* WHAT IS BEING ASKED
Output all of the lines below exactly, and leave out each image.

* EXERCISE DATA
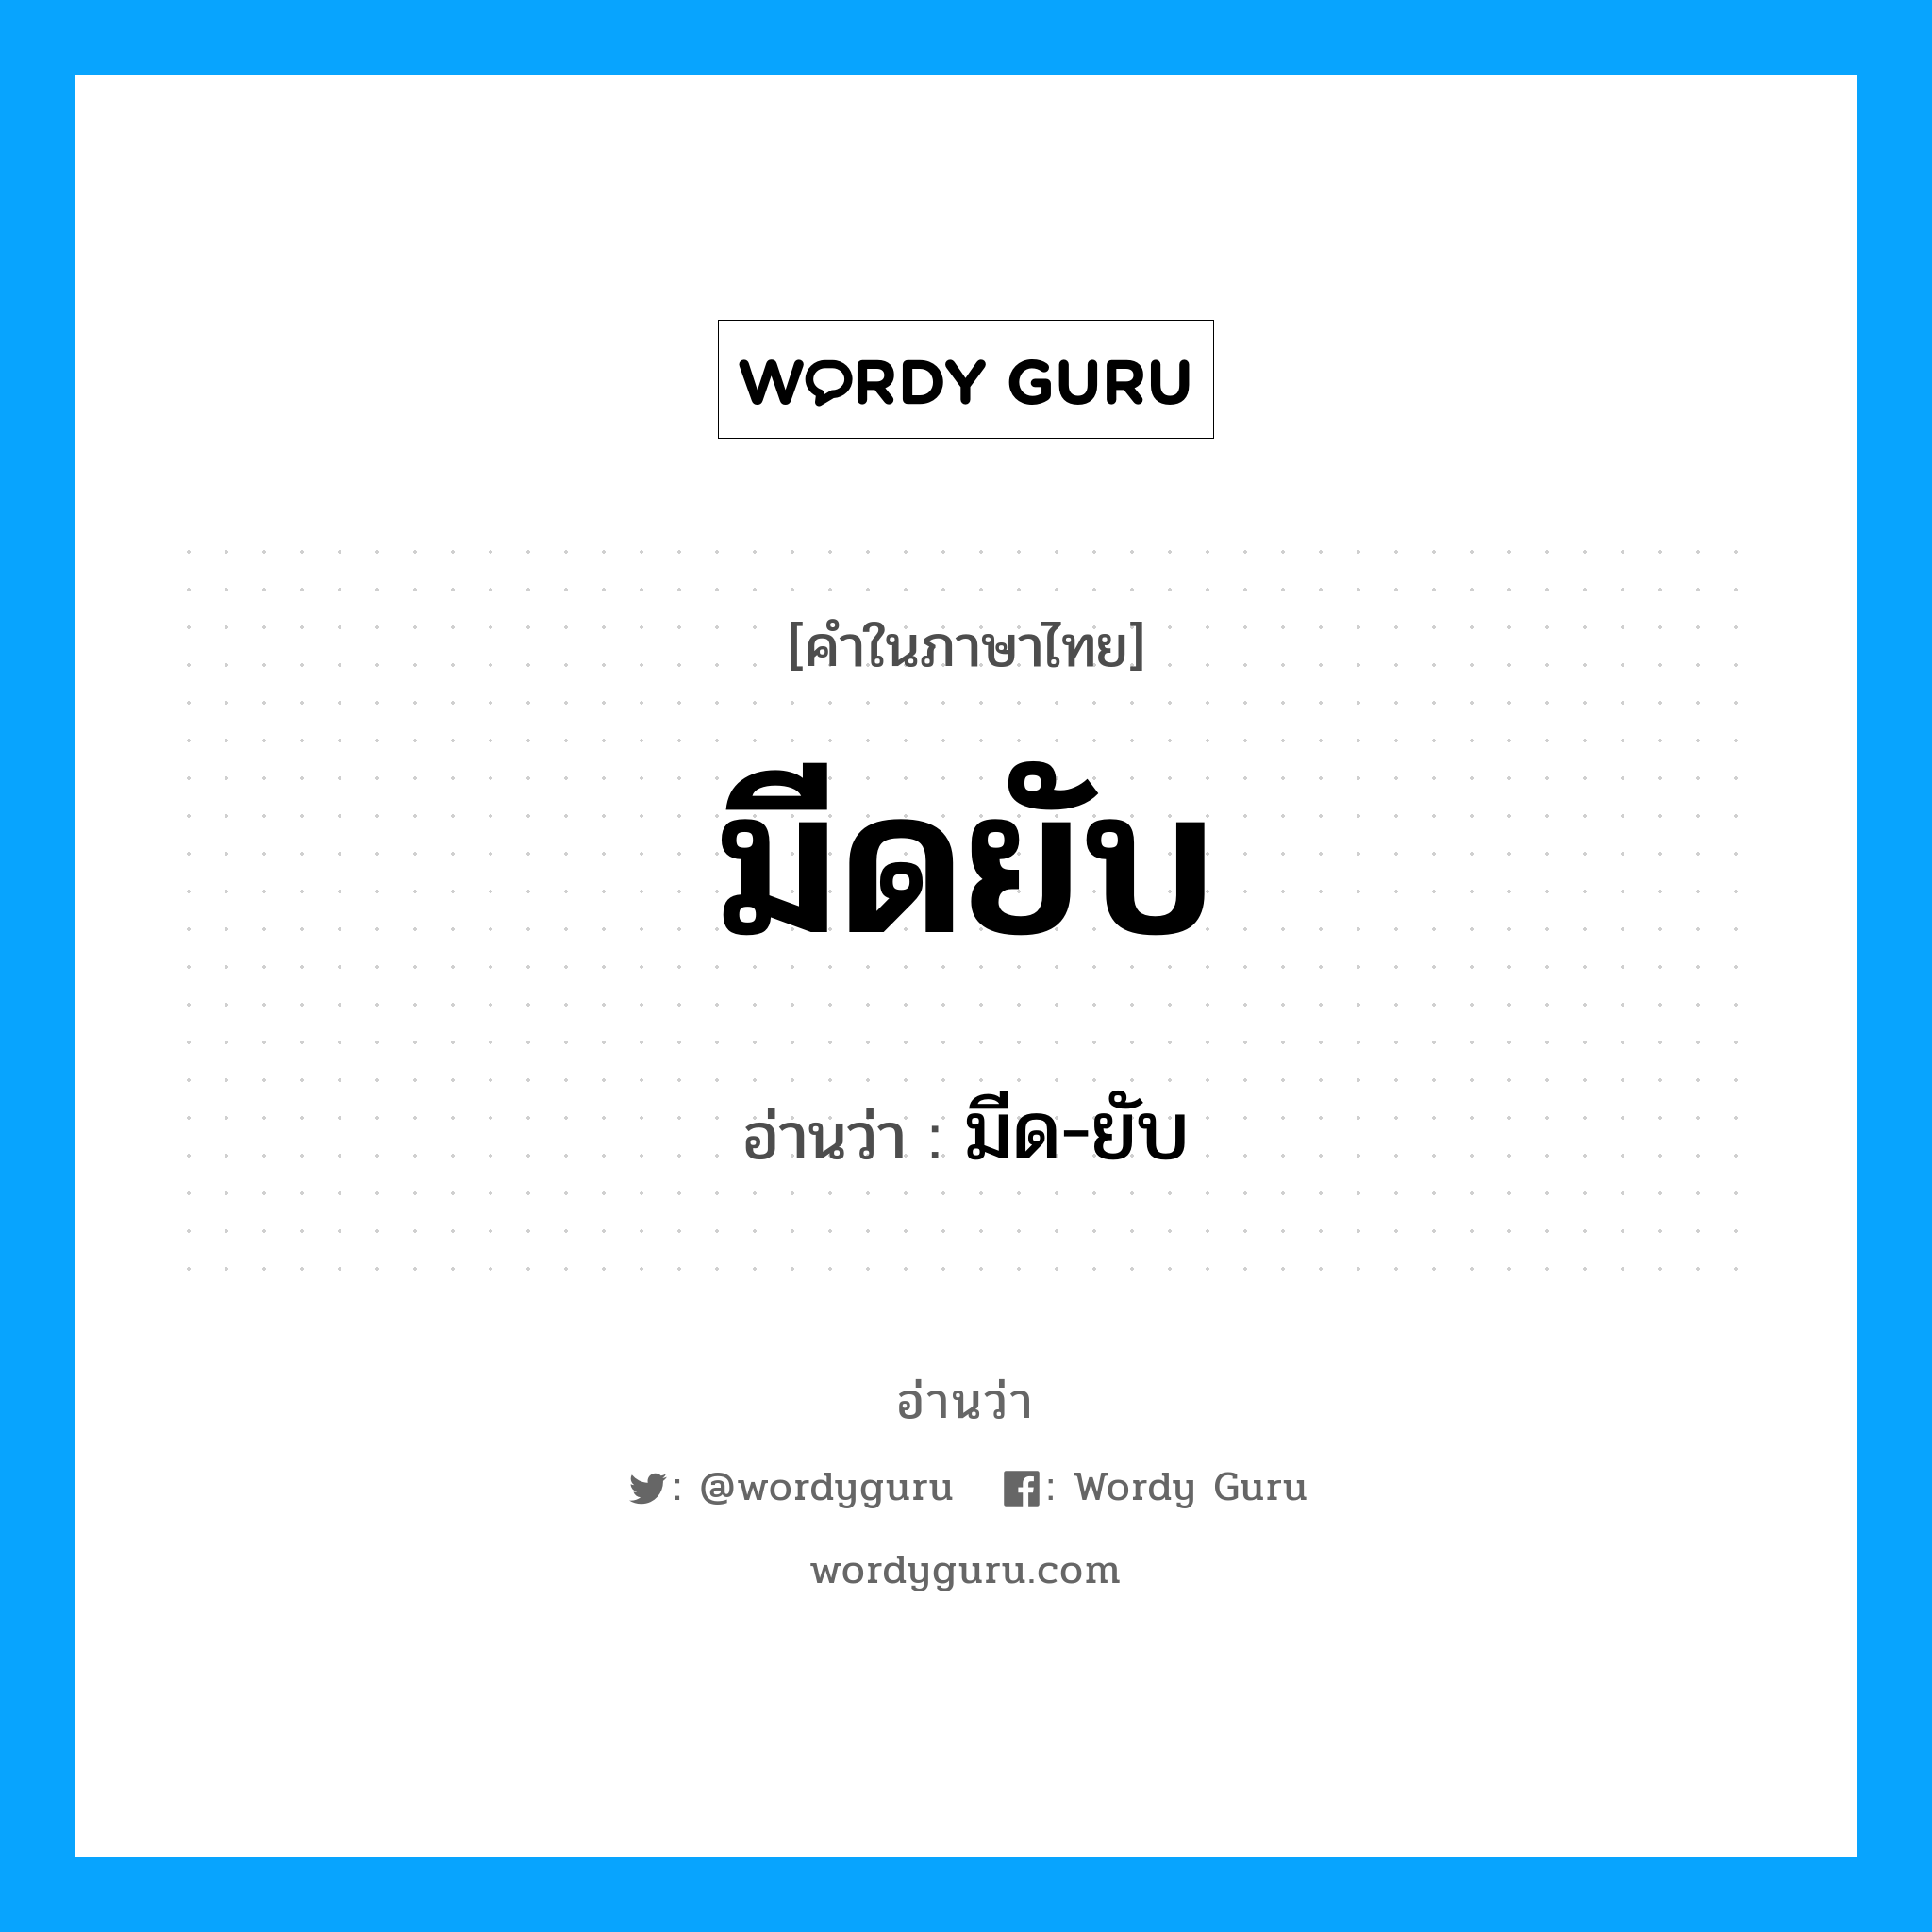 มีด-ยับ เป็นคำอ่านของคำไหน?, คำในภาษาไทย มีด-ยับ อ่านว่า มีดยับ
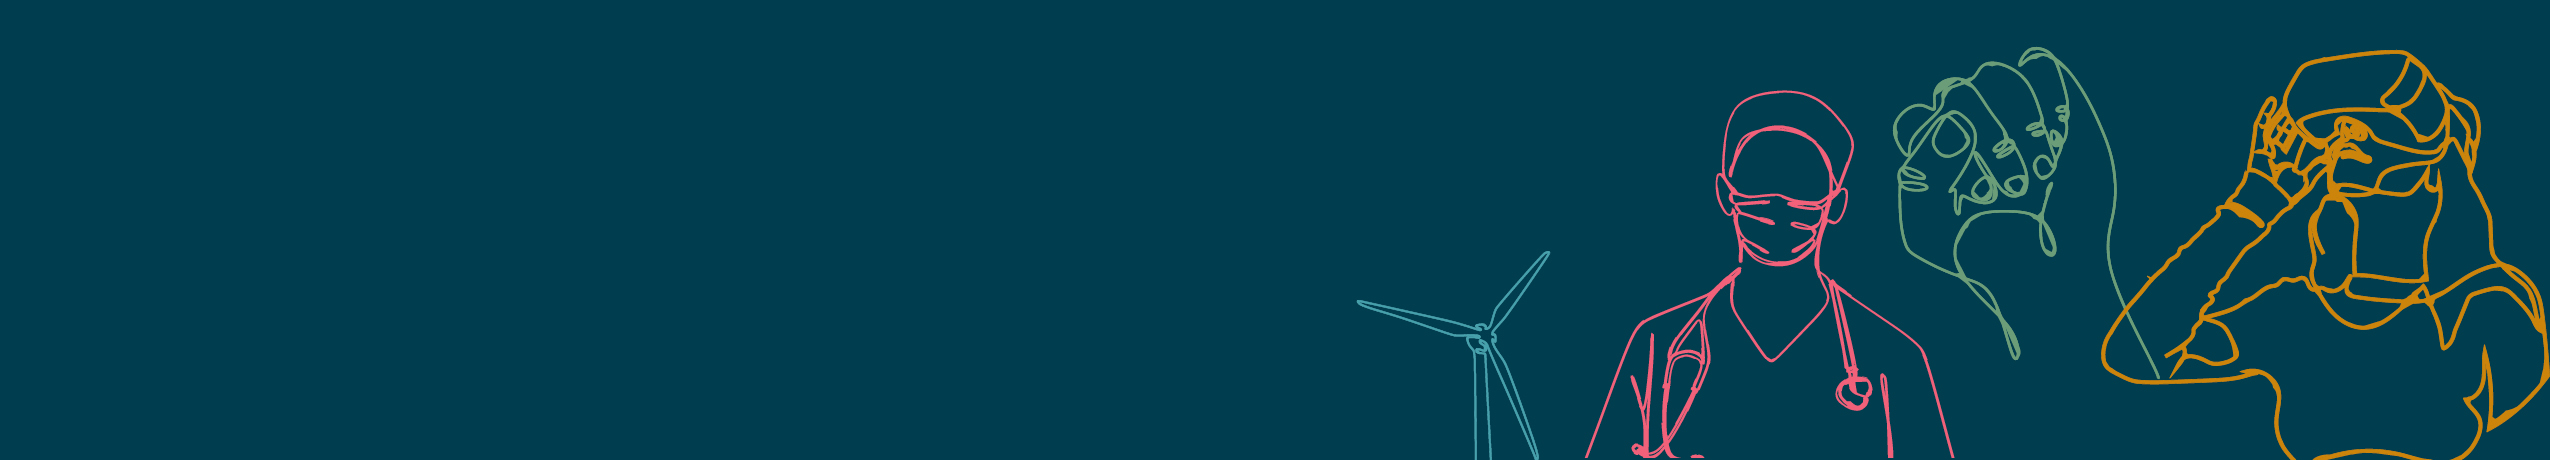 Imagem decorativa: desenho de linha mostrando um médico, um moinho de vento, um punho erguido em protesto e alguém interagindo com IA - onde tecnologia e sociedade interagem neste relatório
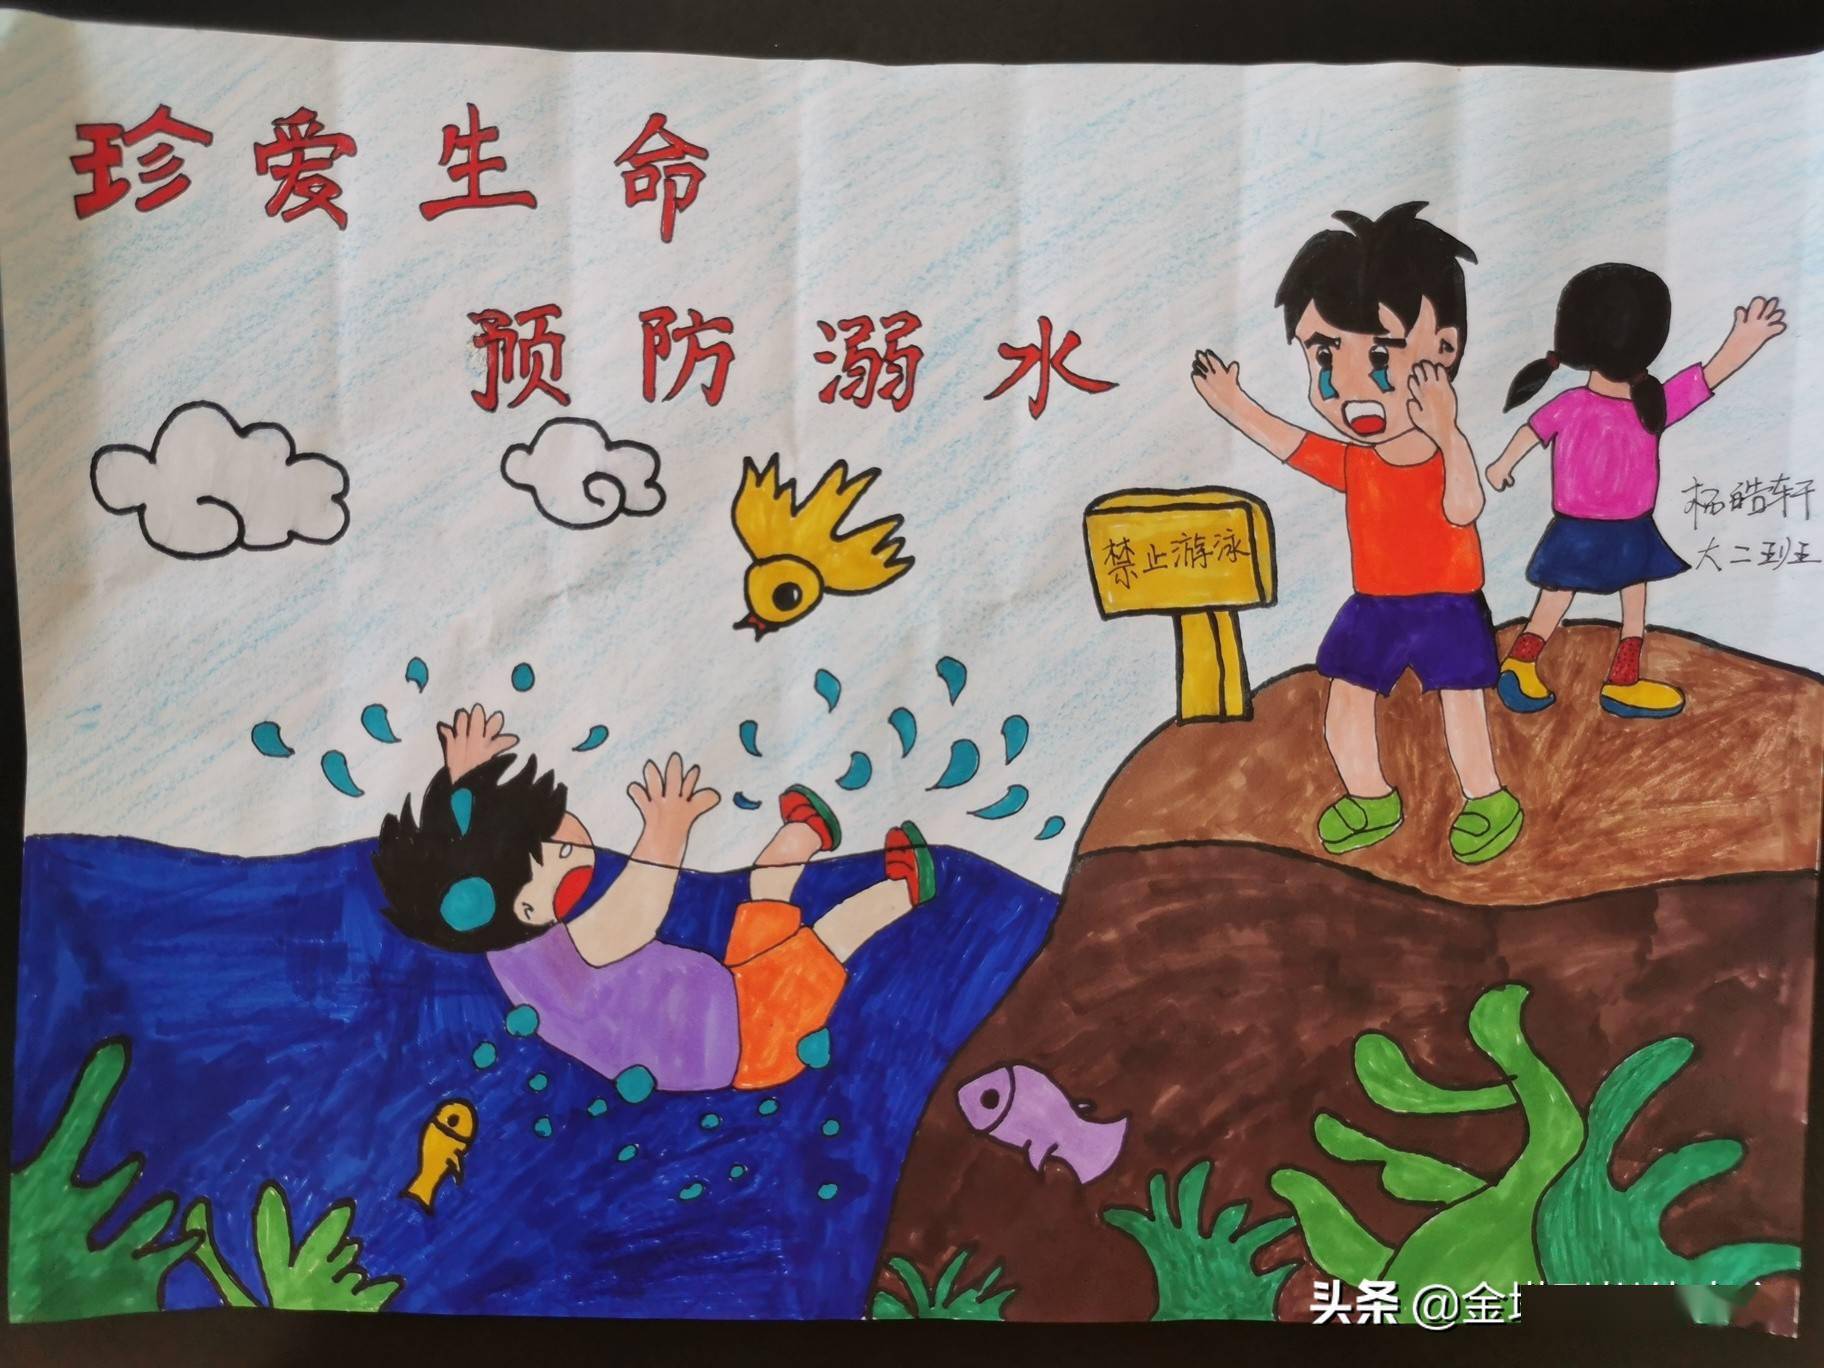 预防溺水"系列活动之亲子绘画,引导幼儿认识溺水事故的危害,同时提醒

* EXERCISE RESULT
 มีด-ยับ เป็นคำอ่านของคำไหน?, คำในภาษาไทย มีด-ยับ อ่านว่า มีดยับ
 Imagem decorativa: desenho de linha mostrando um médico, um moinho de vento, um punho erguido em protesto e alguém interagindo com IA - onde tecnologia e sociedade interagem neste relatório
 预防溺水"系列活动之亲子绘画,引导幼儿认识溺水事故的危害,同时提醒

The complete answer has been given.